--- START ---

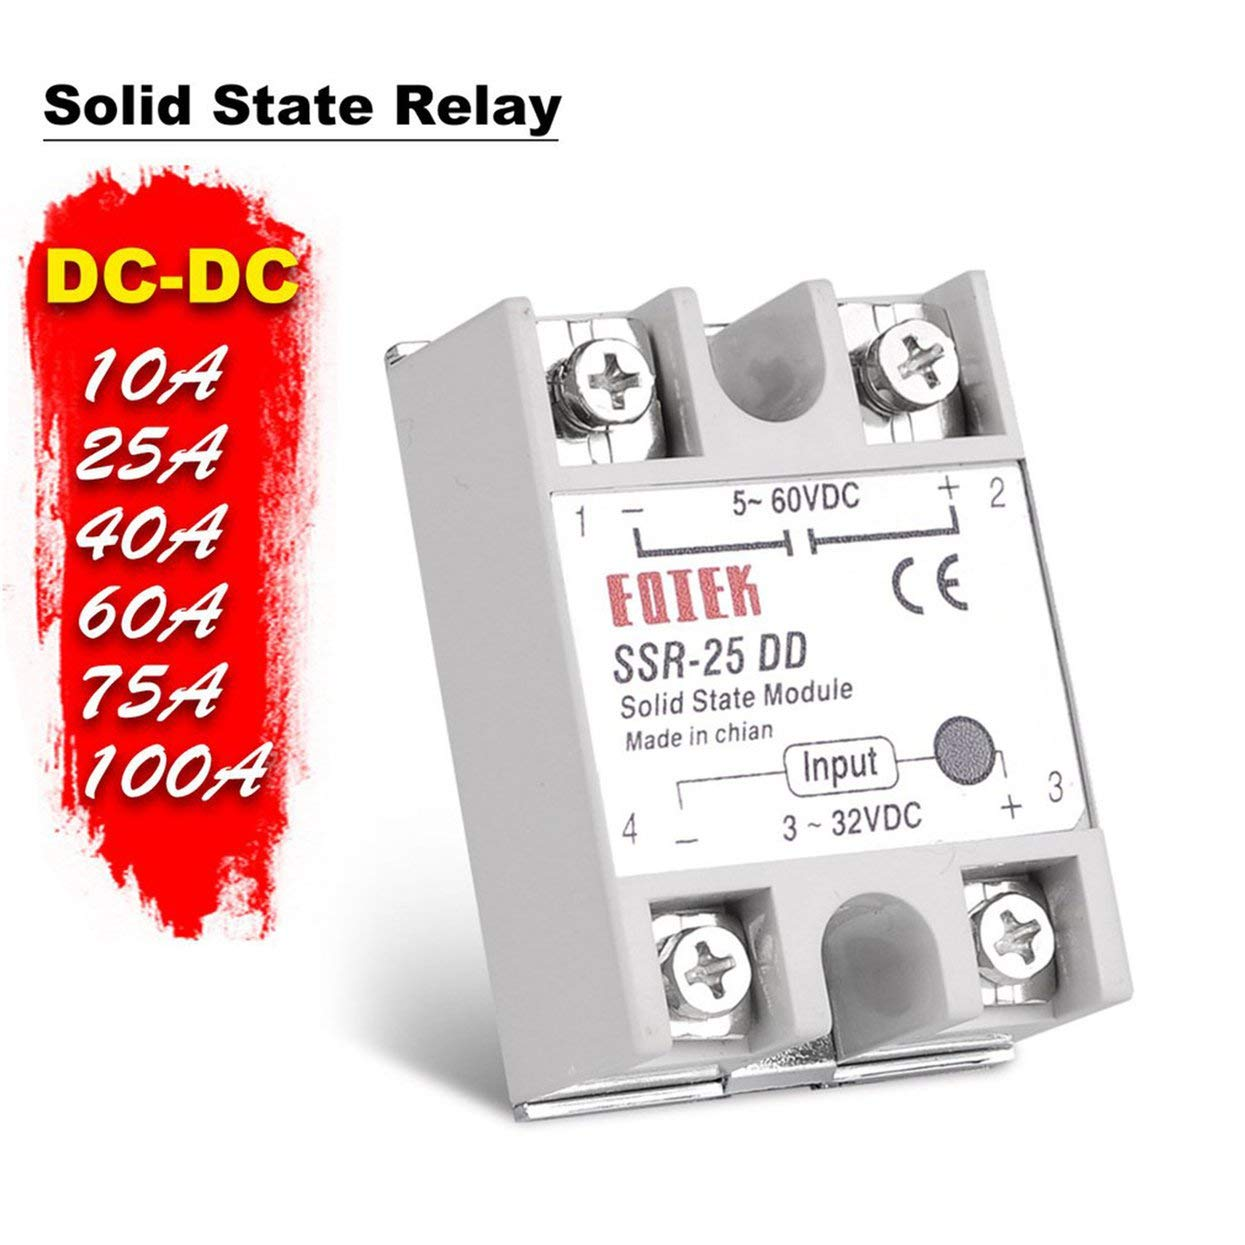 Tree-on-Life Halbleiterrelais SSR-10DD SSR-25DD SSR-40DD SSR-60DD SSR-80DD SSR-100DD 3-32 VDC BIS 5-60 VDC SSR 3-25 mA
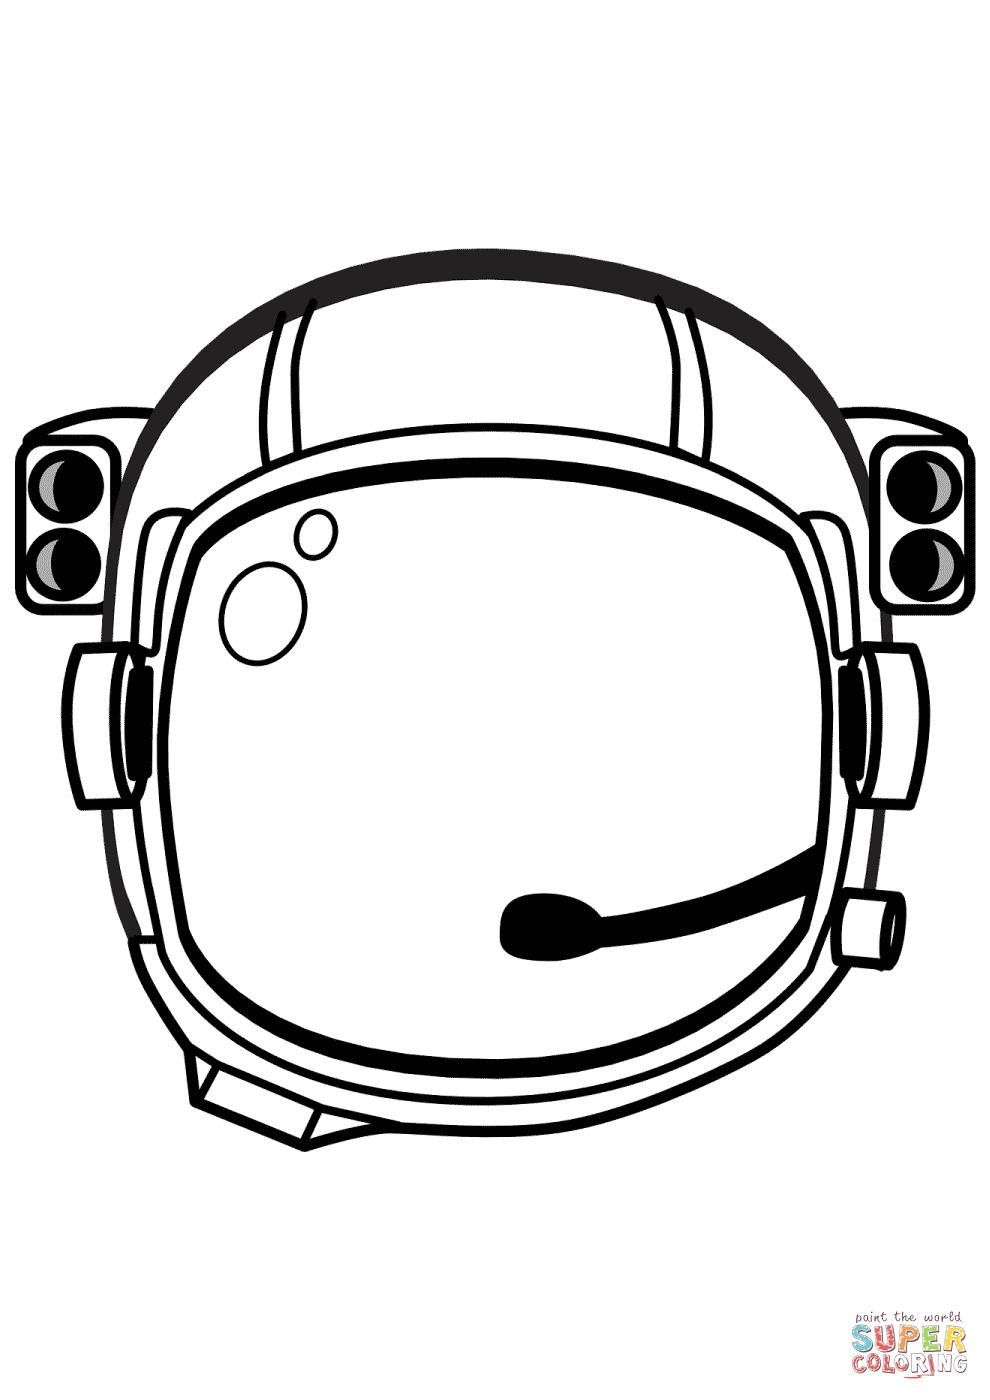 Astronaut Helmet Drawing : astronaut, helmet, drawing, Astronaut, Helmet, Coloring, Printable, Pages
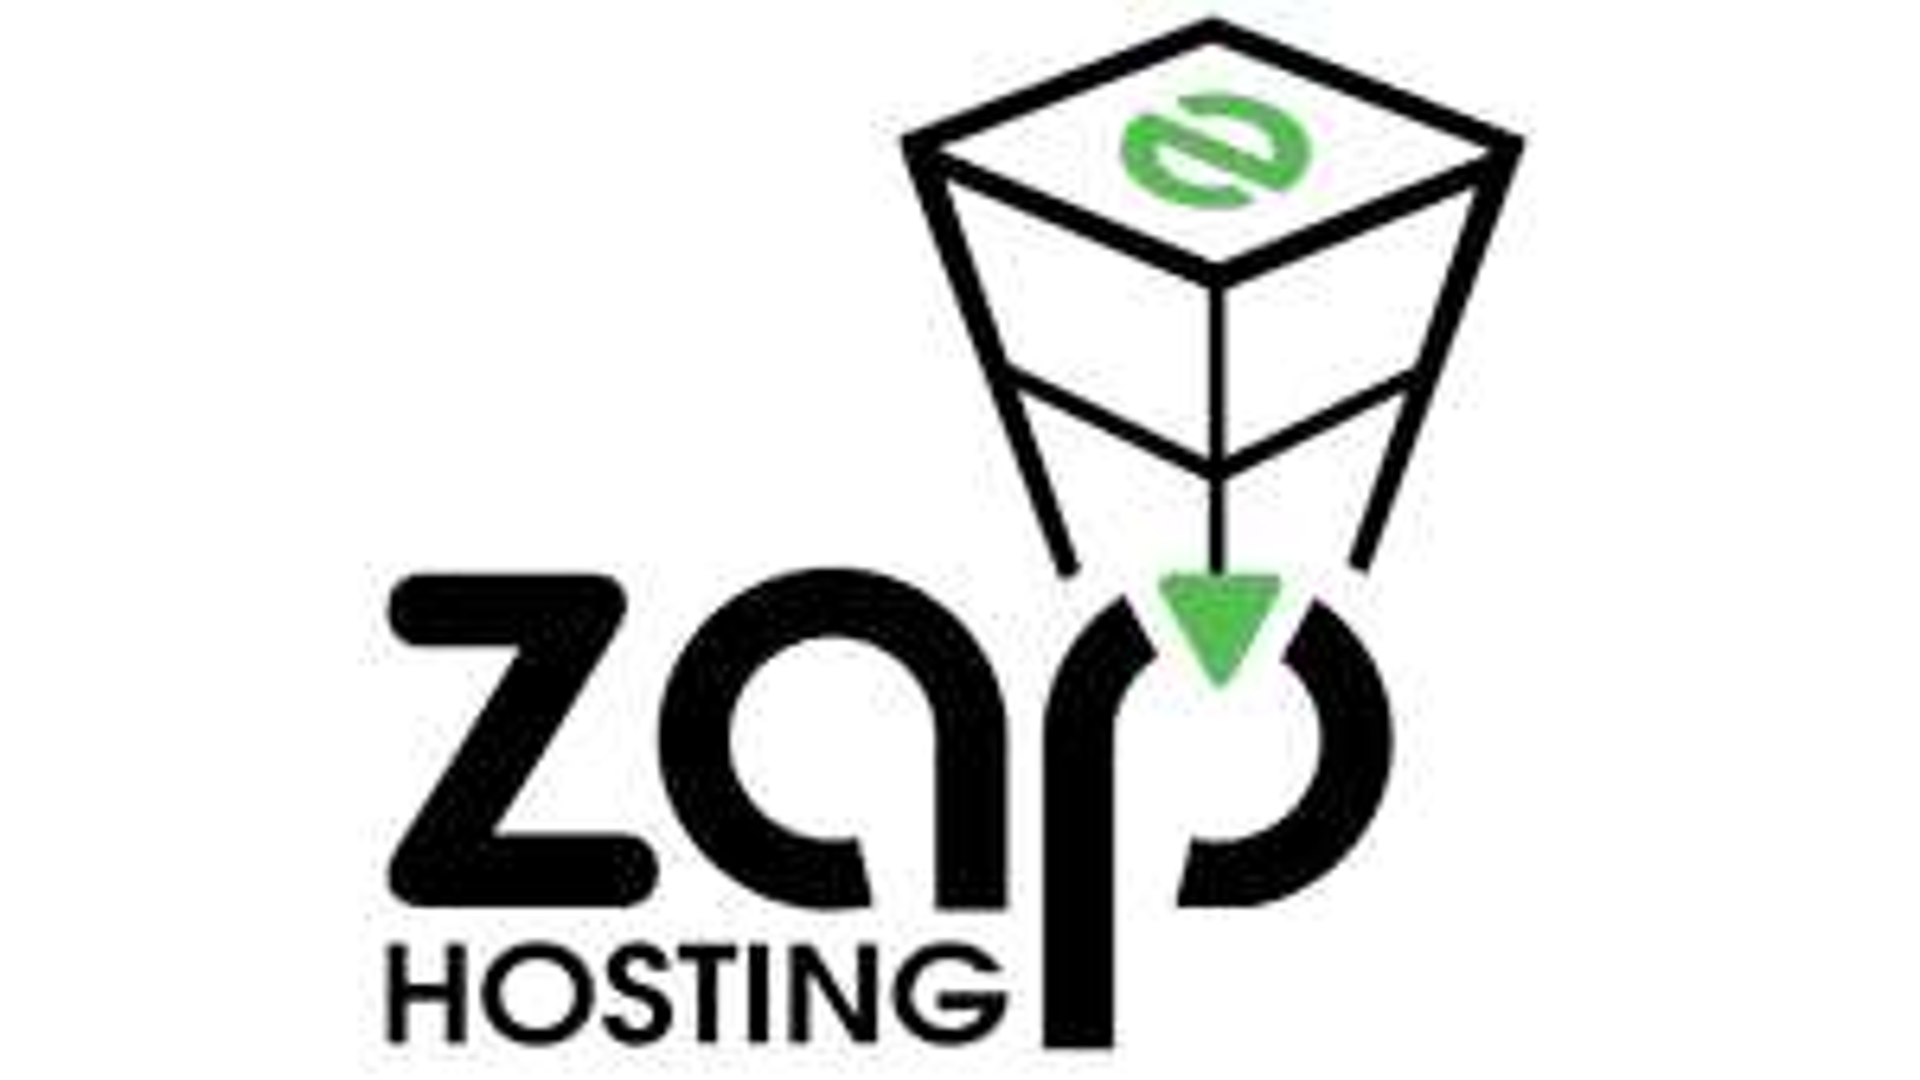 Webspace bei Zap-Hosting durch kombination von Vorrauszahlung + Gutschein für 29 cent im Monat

--- END ---

● EXERCISE PROMPT
Starting with the line that contains "Astronaut Helmet Drawing", reproduce every line to the end of the material above, both end lines included, exactly and with no pictures.

● YOUR RESPONSE
 Astronaut Helmet Drawing : astronaut, helmet, drawing, Astronaut, Helmet, Coloring, Printable, Pages
 Webspace bei Zap-Hosting durch kombination von Vorrauszahlung + Gutschein für 29 cent im Monat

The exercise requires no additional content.